Investing in Forestry
ADDENDUM

Further to the article in the May 2007 edition of WRMM concerning investment in forestry I requested that the figures were rechecked. This was prompted by a number of emails I received from subscribers who had looked into the claims in the article and discovered they didn’t add up.

Before I go any further I want to personally thank you all for taking the time to email me. Corny as it might sound, it does mean a lot to know that you investigate opportunities thoroughly and that you’re looking out for one another.

As you know any facts and figures I usually publish in WRMM are checked, checked and checked again because we know how important it is when you’re pursuing an opportunity you get the whole picture.

As forestry isn’t a specialist area of mine I commissioned the services of a researcher. The guy took facts and figures from the website, which he says the Forestry Commission then confirmed over the phone as being relevant.

After the feedback I got here at WRMM I contacted the Commission myself and requested a full information pack with complete details of their current grant schemes.

And I’m sorry to say that the grant payment figures included in the article were for the creation of new woodlands, not sustaining them.

There are grants available for sustaining and preserving existing woodlands. Similarly in England at least there are grants available for ‘improving’ existing woodland (basically you fell so many hectares of trees to sell as timber, then restock the land with different species).

There’s a chance the improvement grants could still mean forestry and woodlands offer a way to make some decent money. Doing a quick calculation on the back of a napkin say you bought 40 hectares in Devon for £80,000 (this is a genuine piece of land advertised on Fountains Plc website).

Now say you’ve got spruce on the land, then you can grow between 4,500 to 7,500 trees per hectare. That sounds like a hell of a lot to me and we’re talking some very dense forest here, but this figure comes from a report put together by Ireland’s Agriculture and Food Development Authority.
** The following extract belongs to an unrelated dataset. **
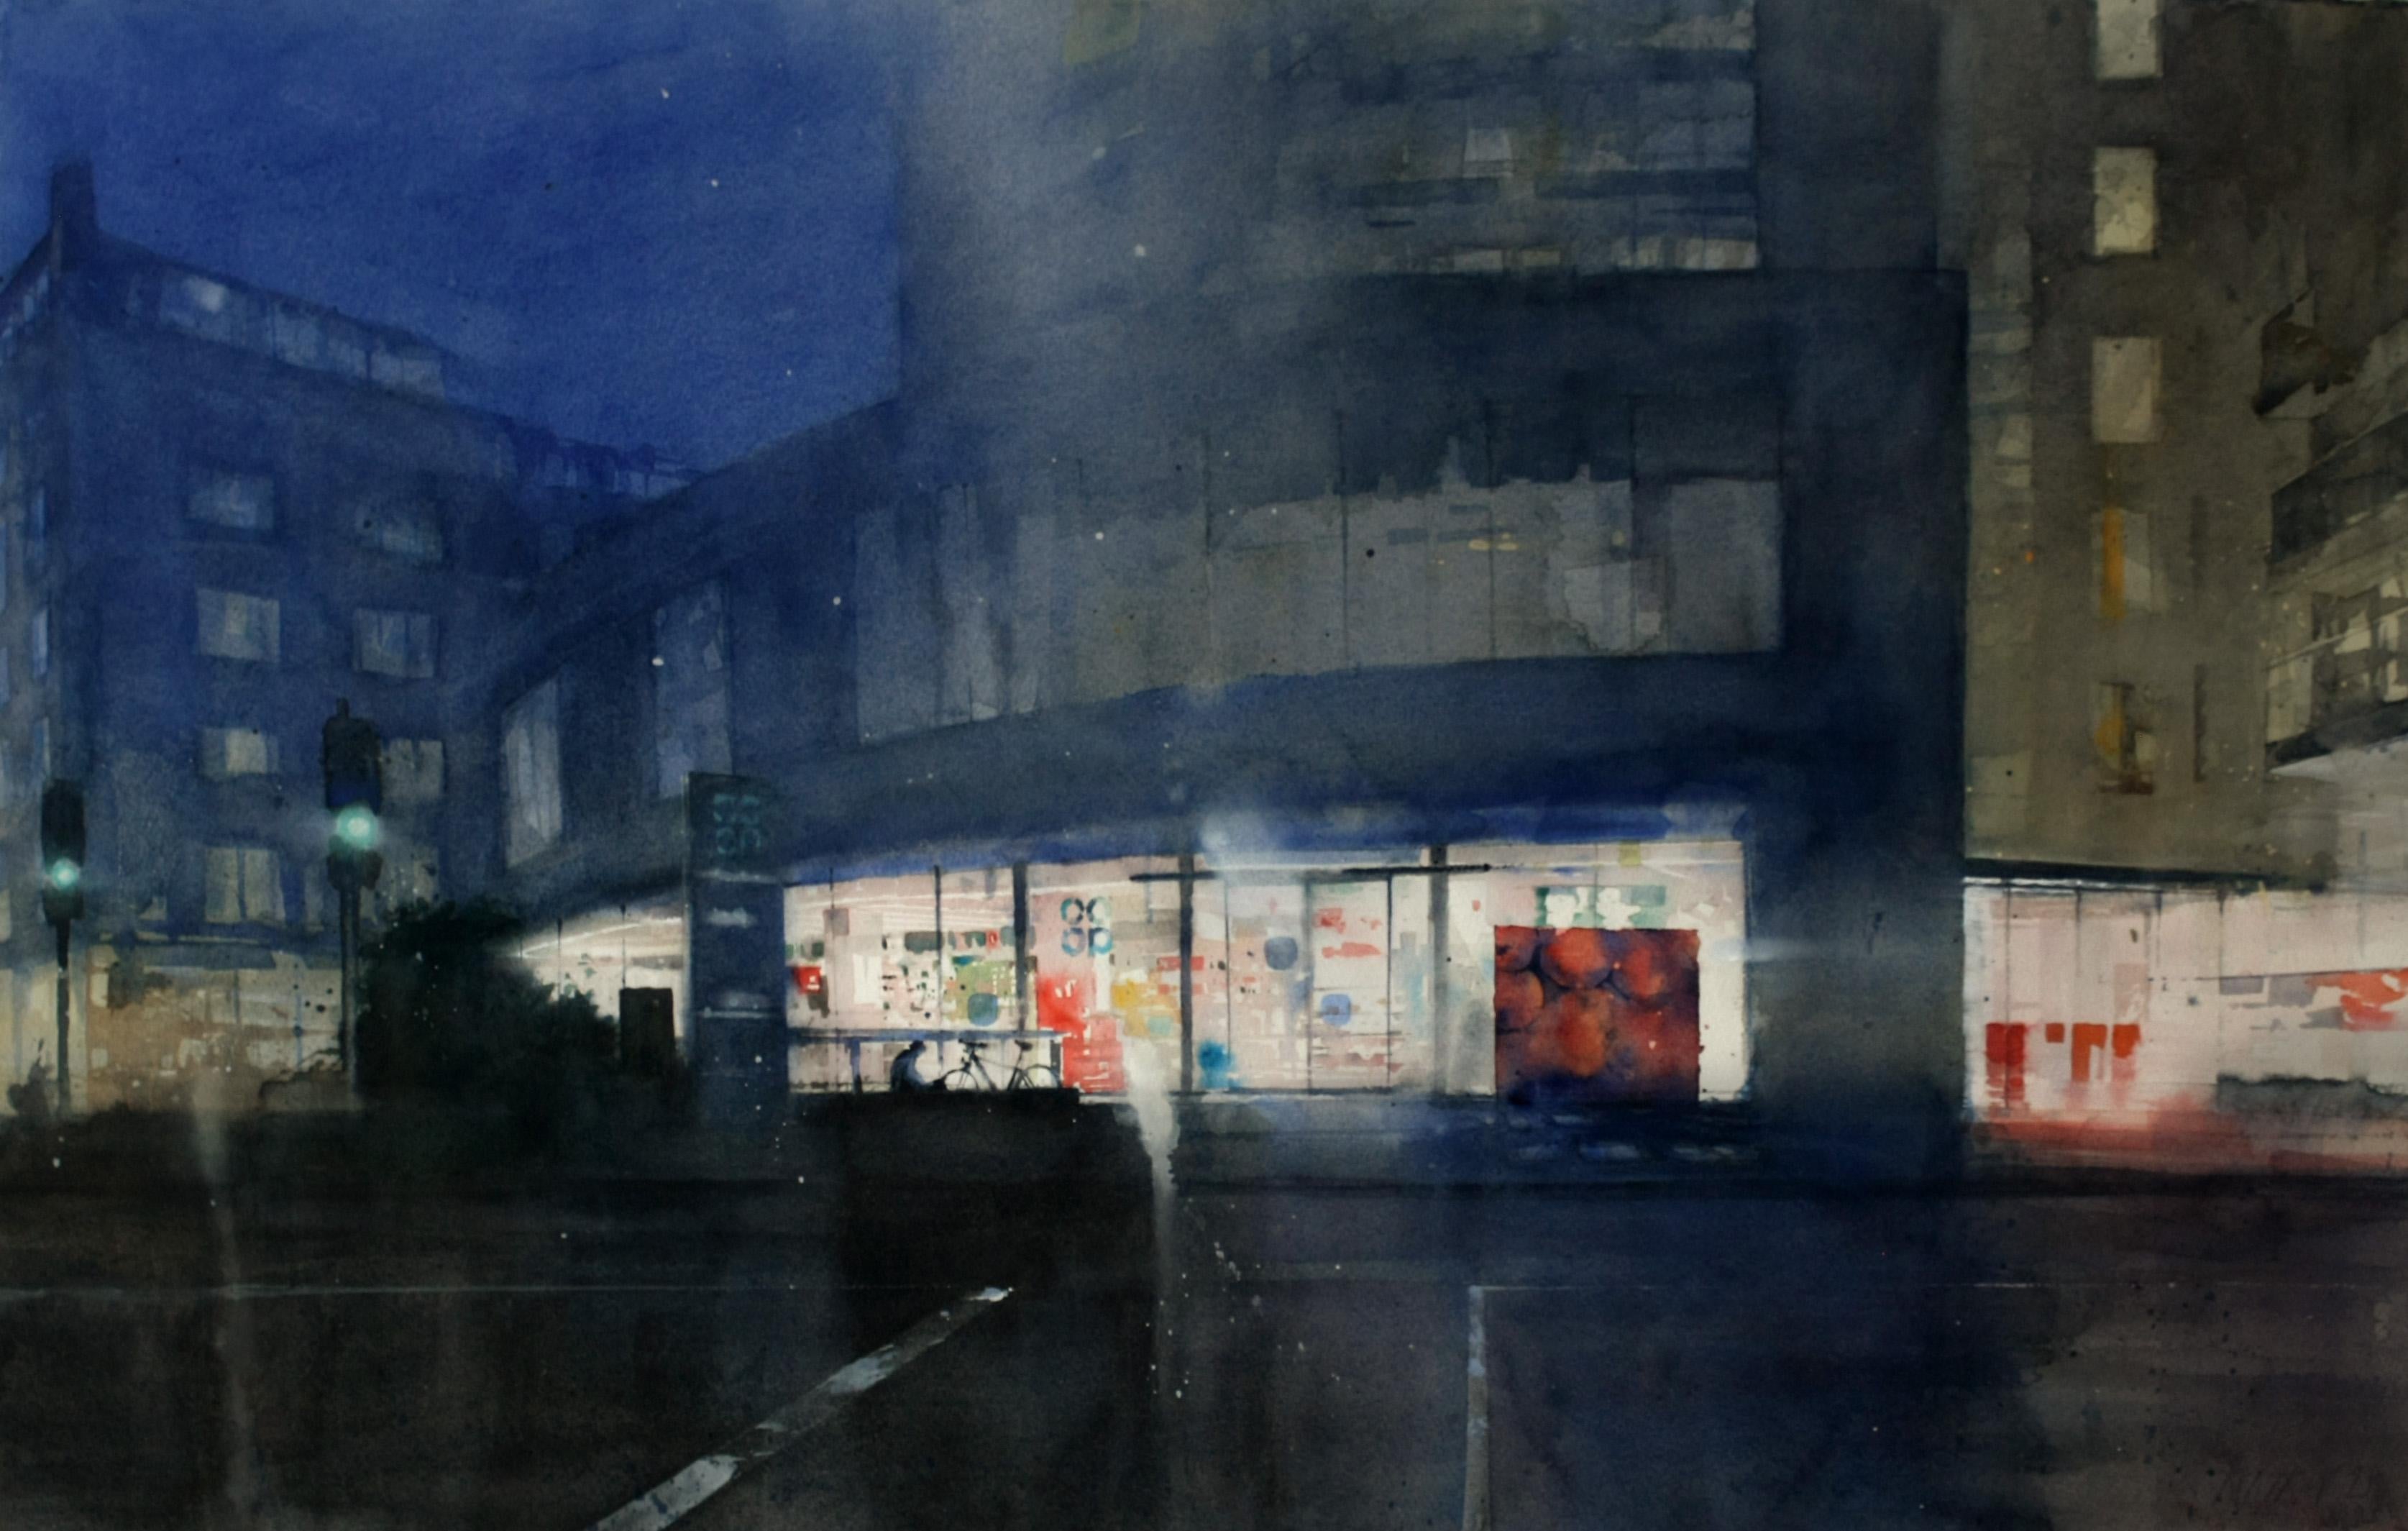 Opening time - contemporary watercolour architecture London night street

So let’s say you have 5,000 trees per hectare – play it safe. Fell the trees for timber and that gives you £12,500 per hectare on the basis of £2.50 profit per tree.

So to get your £80,000 back you’d need to harvest 6.4 hectares.

This is where the Woodland Regeneration Grant could kick in. The idea is you restock the land with other tree species… and then these are the sort of grants that could apply on a per hectare basis:

Which could give you an additional £2304 to £7040 depending on what you replant your hectares with.

Now spruce can take between 3 to 6 years to reach maturity. So you could theoretically fell your full 40 hectares – making £80,000 a year – and then collecting a few grand extra when you replant the area you’ve just harvested.

That might all sound good and well, but there are some inconsistencies that worry me about this, which is why I can’t endorse it right at this moment.

First of all the information I got – the hard copy from the Forestry Commission who pay the grants – is for 2006 (and even included some stuff relevant to 2005!) So the figures above might change when it comes to Autumn this year when the next grant information is published.

That could mean the payments improve… but it could also mean they go down.

Secondly, there’s information in the hard copy, which isn’t on the website.

And lastly in April, around the time the article was written and researched, there was a bit of an upheaval in the grant system.

For one thing a whole series of grants which had been paid automatically before have become means tested because there’s been so much abuse of the system.

I think there’s a good chance there’s still some mileage in this opportunity, but not right now.

So what we’re going to do is revisit the opportunity when the new grant payments are definitively published – in 3 to 4 months time – and make sure that when we come back to you later in the year every single figure stands up (otherwise it won’t just be the researcher’s head on the plate!)

And finally, here’s an extract from an email I received from the researcher earlier today:

“Dear Nick

I must express my profound apologies for the inaccuracies concerning the figures I sent you regarding grant payments and the types of grant they apply to.

The grant system can be difficult to decipher at the best of times, but ultimately I must take responsibility for this situation.

I would also like to extend my apologies to your subscribers for the inaccuracies in the article. I hope this will not reflect badly on you as the mistake was by no means yours or WRMM’s…”

And so it goes on.

I guess the lesson learnt here is – ‘if it sounds too good to be true, then it probably is!’

Anyway as soon as I know more, I’ll let you know and get some current (and accurate) facts on how much money there really is to be made from owning your own forest.